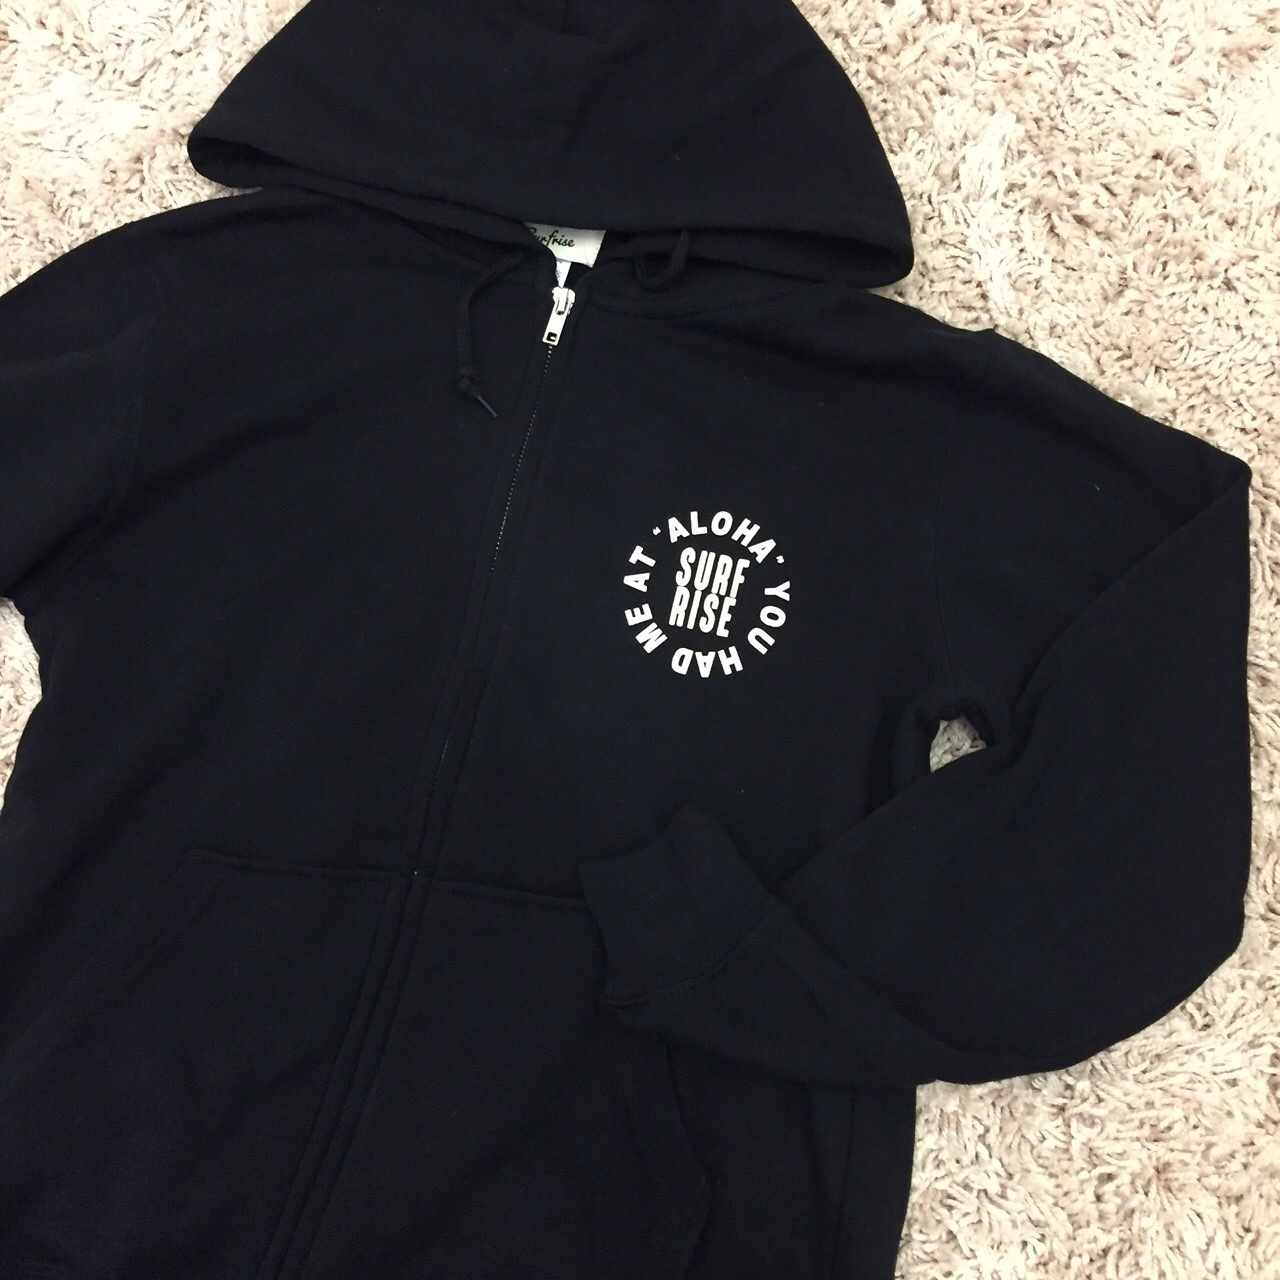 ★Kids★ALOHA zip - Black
--
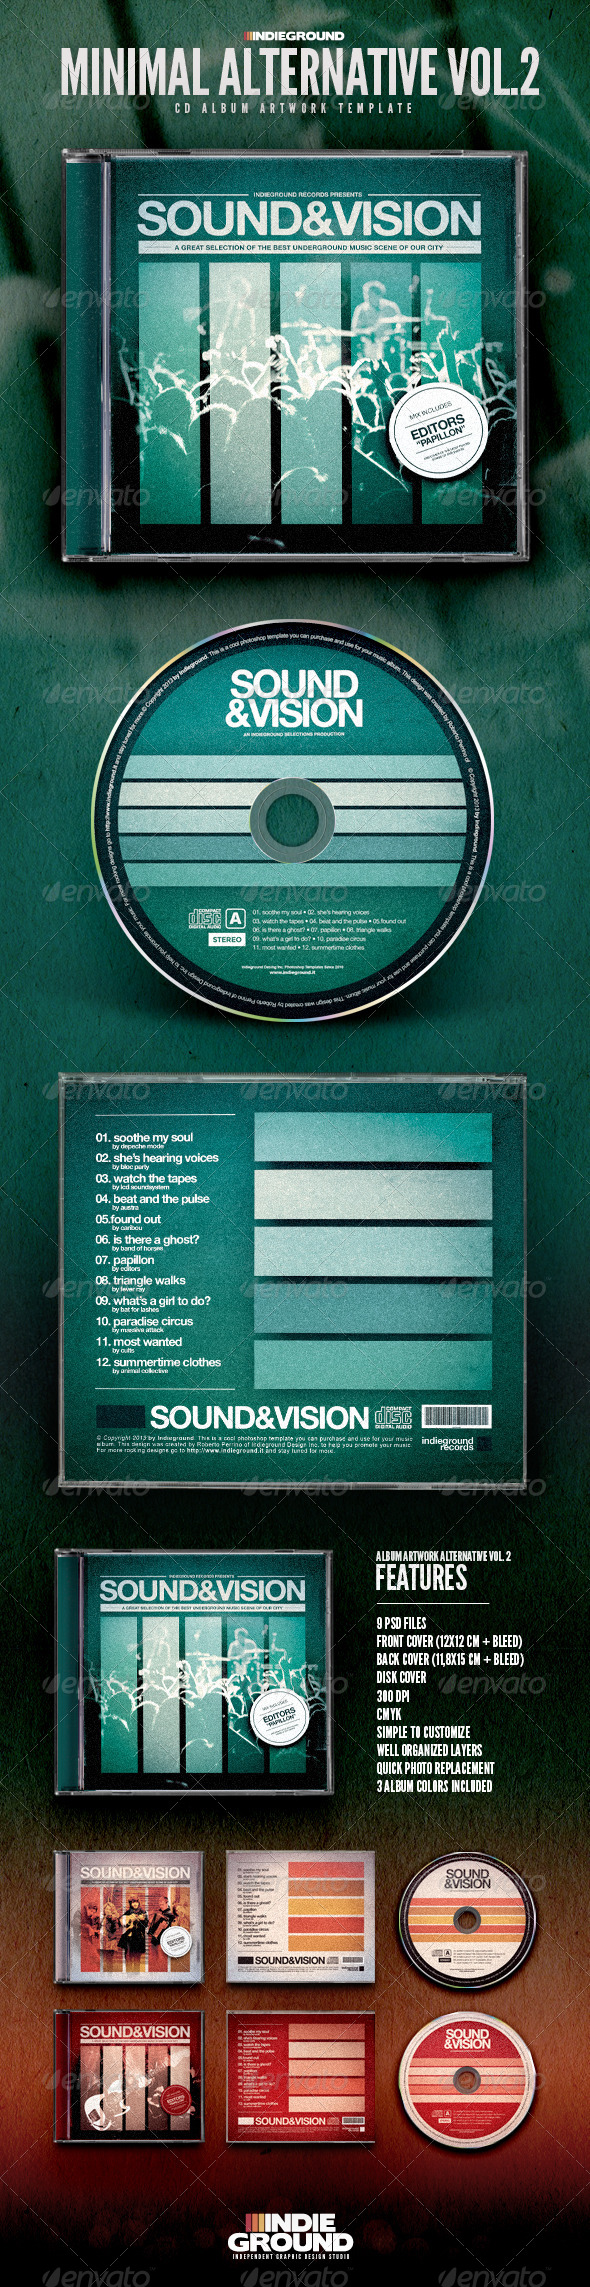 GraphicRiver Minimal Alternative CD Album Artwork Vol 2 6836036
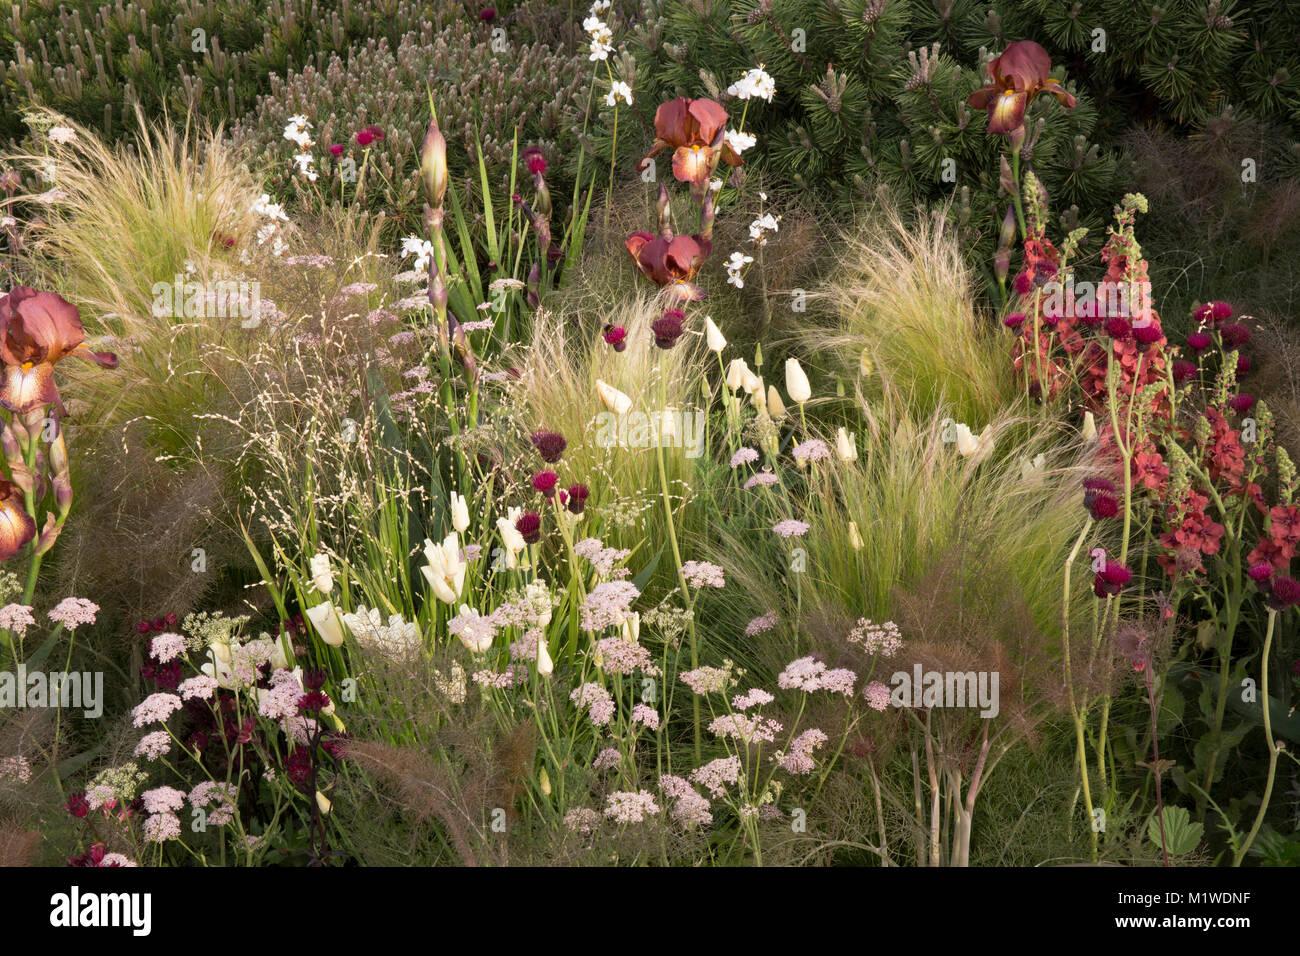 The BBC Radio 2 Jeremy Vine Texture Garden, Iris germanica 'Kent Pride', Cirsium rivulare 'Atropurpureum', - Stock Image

PROBLEM DESCRIPTION >>
Starting at the line above that contains "GraphicRiver Minimal Alternative", transcribe every line exactly through the line that contains "The BBC Radio", including that last one, and skip the pictures.

ANSWER AREA >>
 GraphicRiver Minimal Alternative CD Album Artwork Vol 2 6836036
 The BBC Radio 2 Jeremy Vine Texture Garden, Iris germanica 'Kent Pride', Cirsium rivulare 'Atropurpureum', - Stock Image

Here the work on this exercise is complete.